> **Instructions for the task**:
The expected response is the complete listing below, restated exactly, with its pictures omitted.

> **Dataset section**:
+ + + + + + +
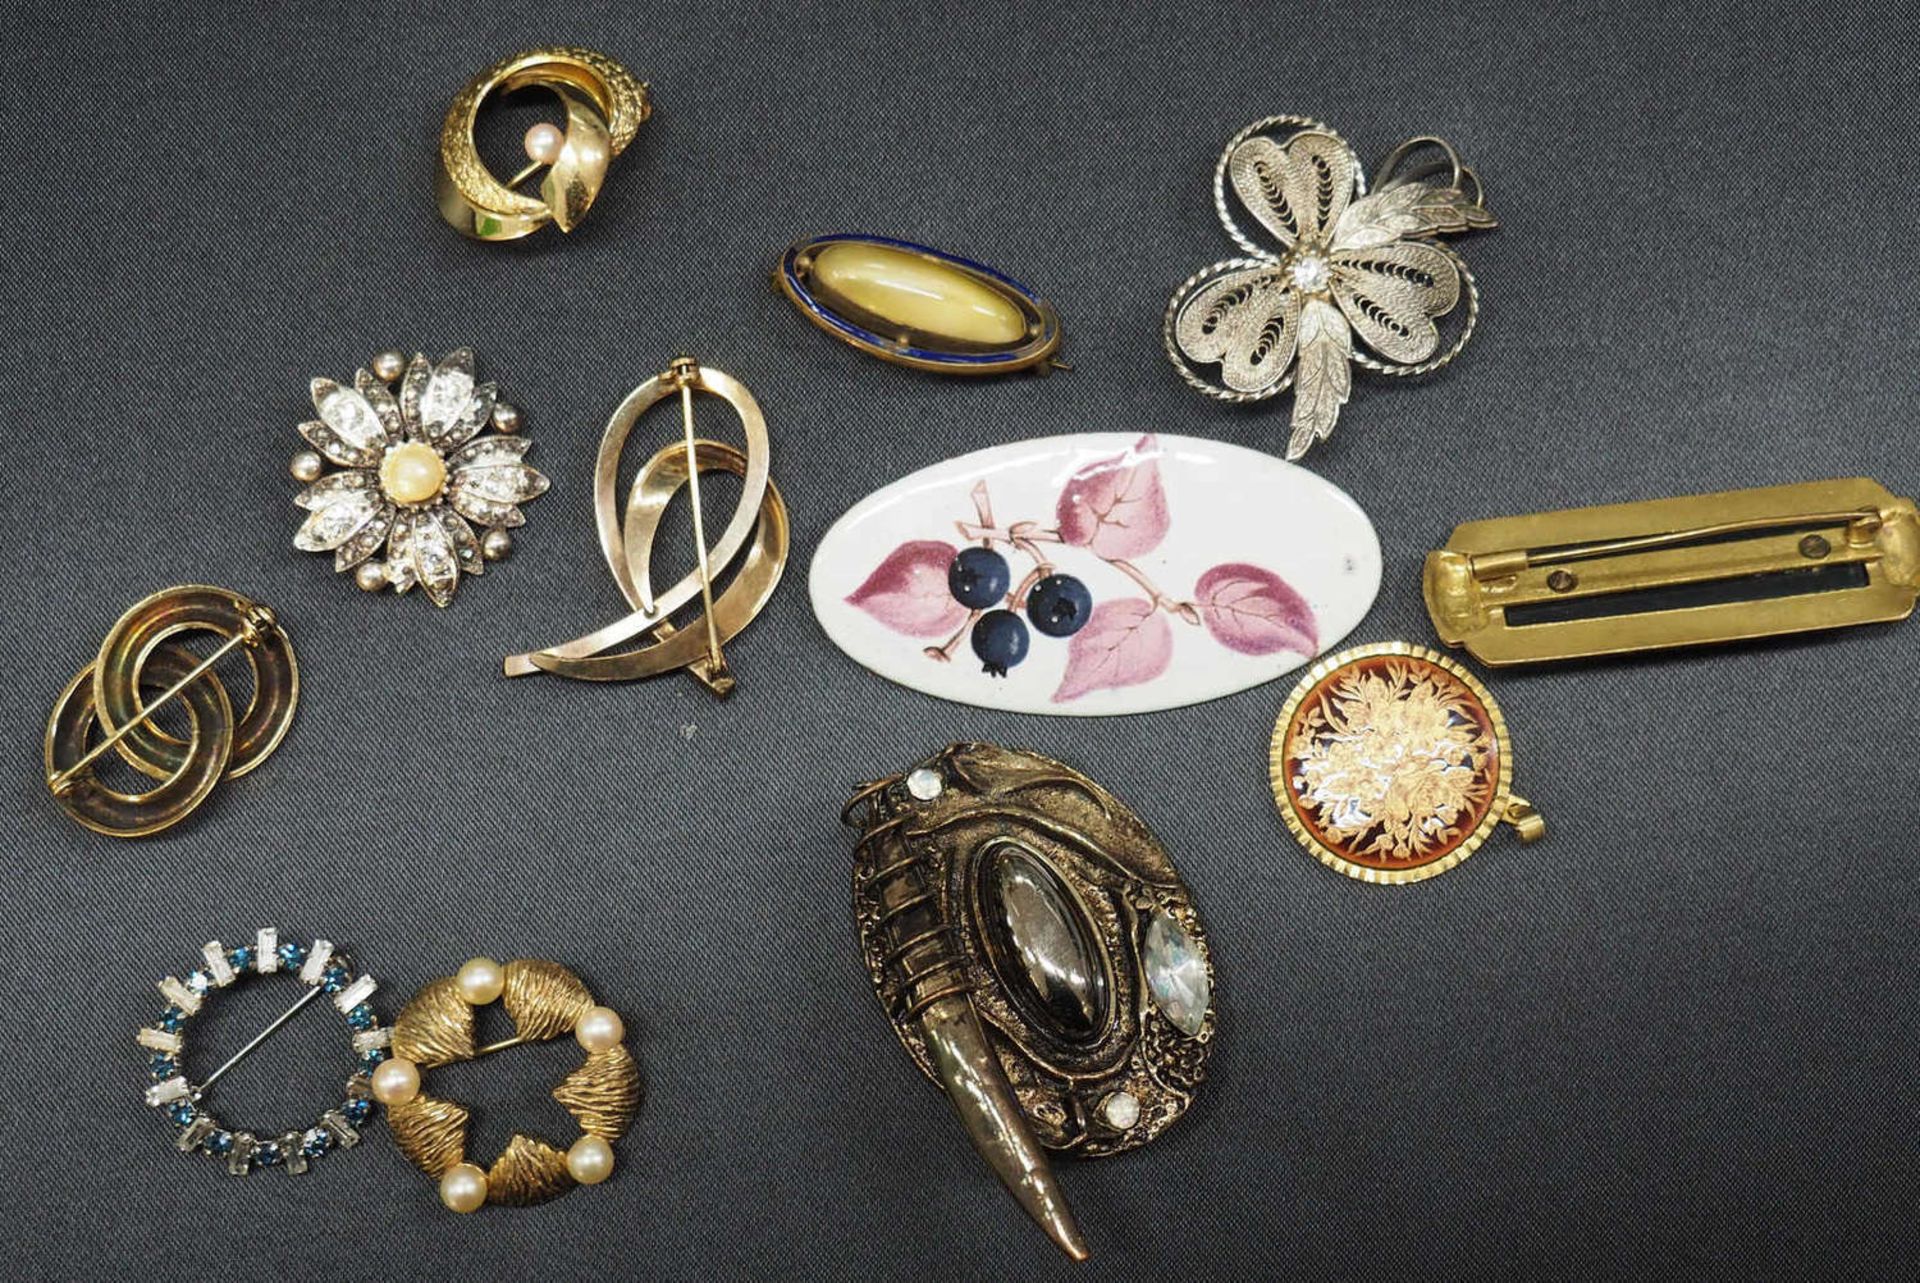 Lot of old brooches, base metals. Please visit.
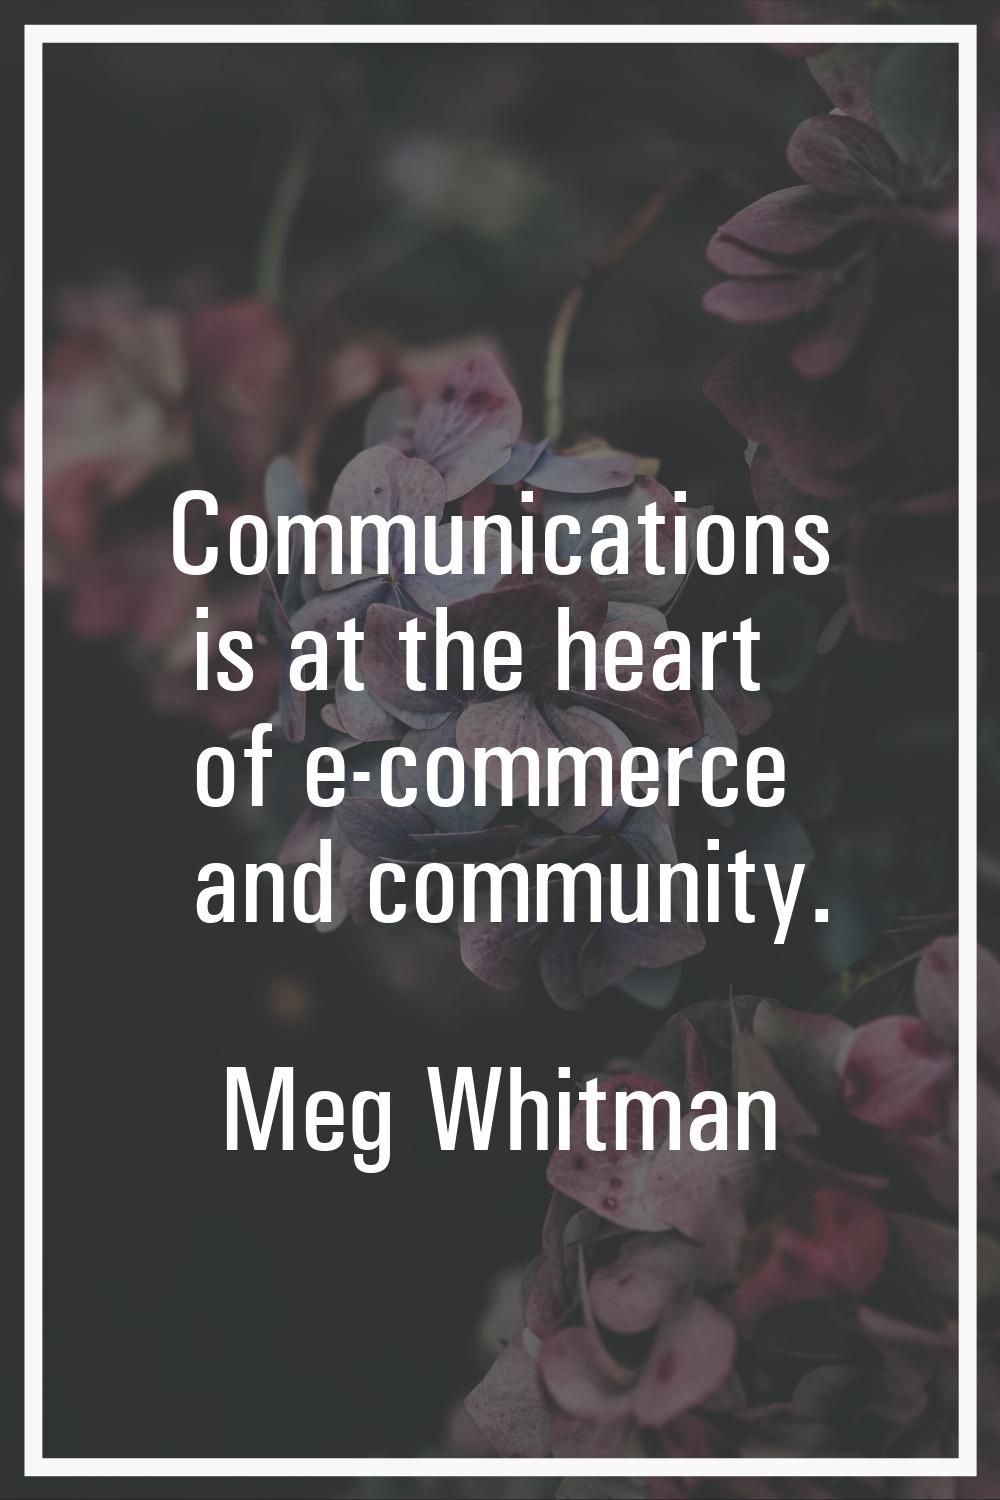 Communications is at the heart of e-commerce and community.
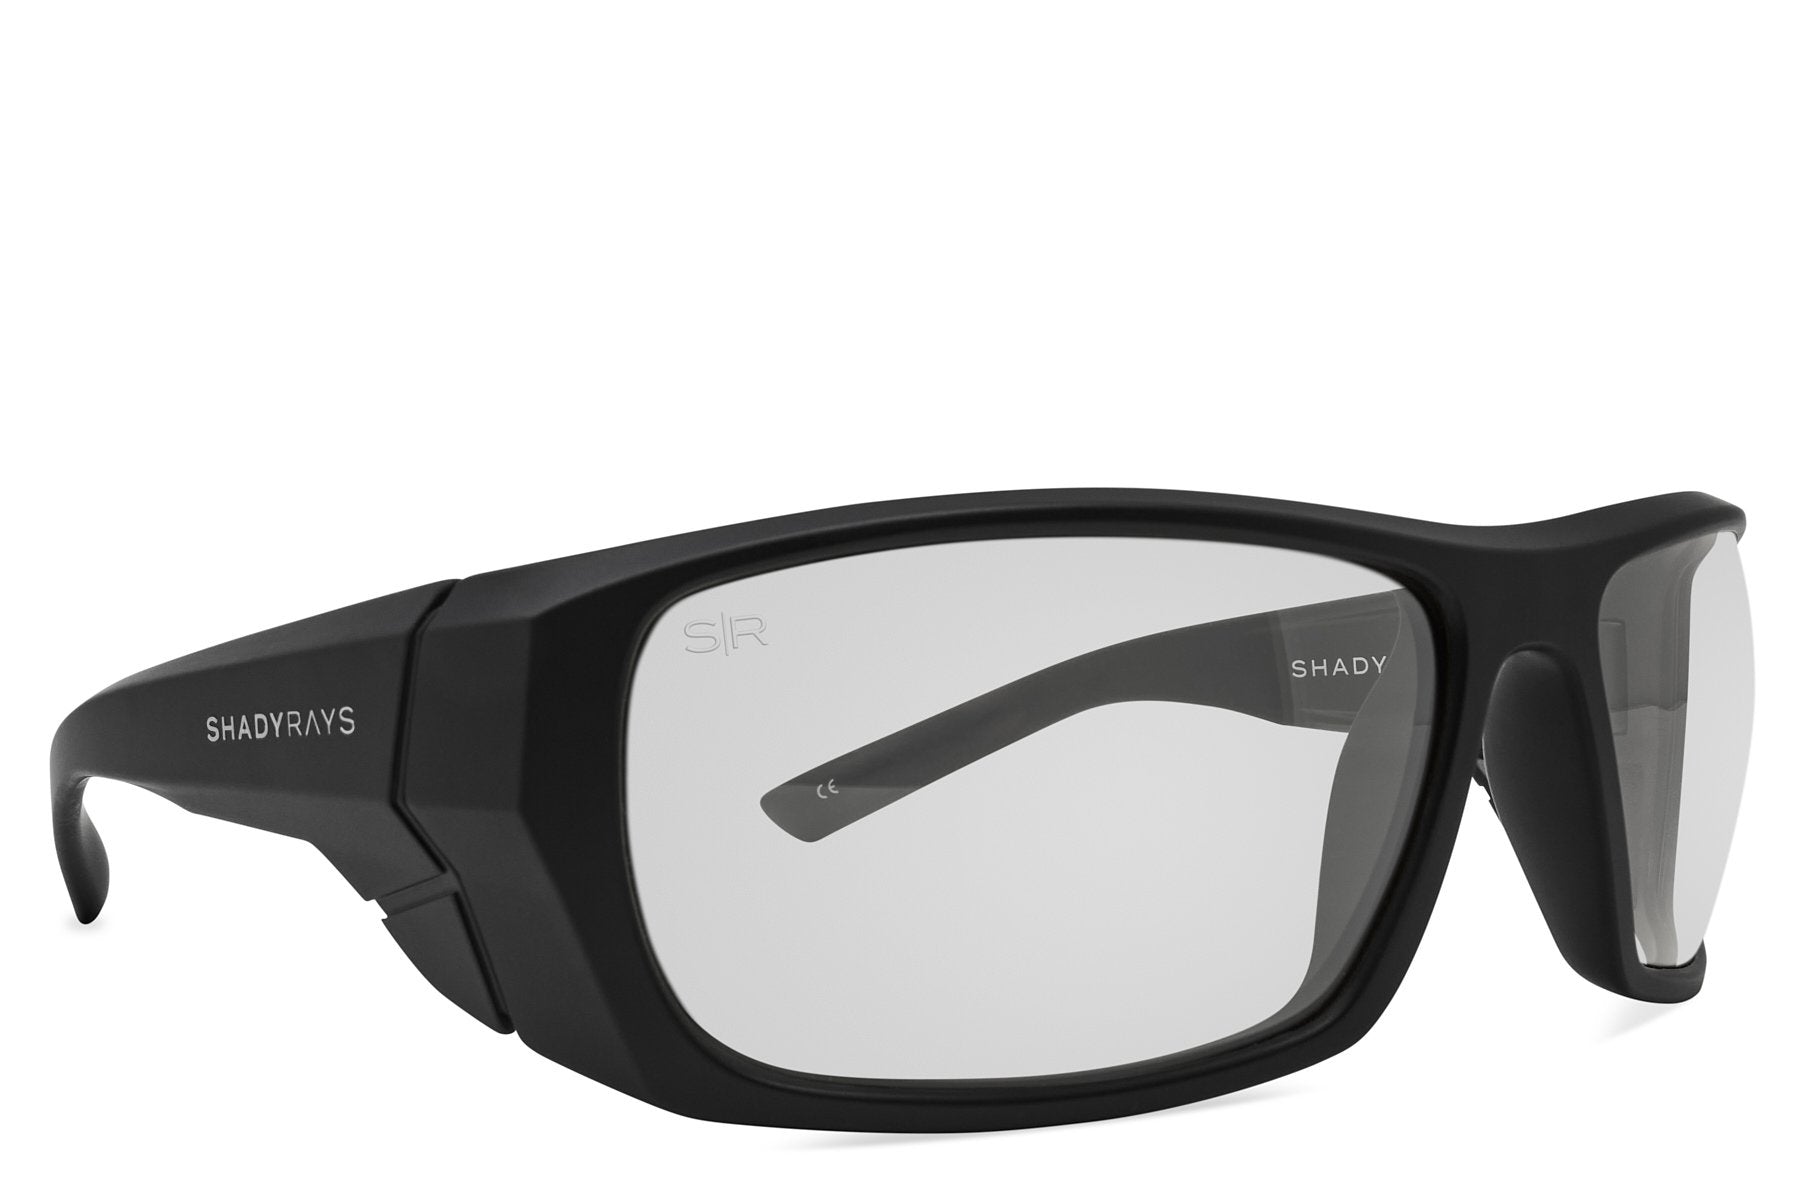 Terrain - Clear Sunglasses | Matte Black Sunglasses | Best Christmas Gifts | Gifts for The Holidays | Unique Gifts for Friends| Shady Rays
+ + + + + + +
> **Answer space**:
 Lot of old brooches, base metals. Please visit.
 Communications is at the heart of e-commerce and community.
 Terrain - Clear Sunglasses | Matte Black Sunglasses | Best Christmas Gifts | Gifts for The Holidays | Unique Gifts for Friends| Shady Rays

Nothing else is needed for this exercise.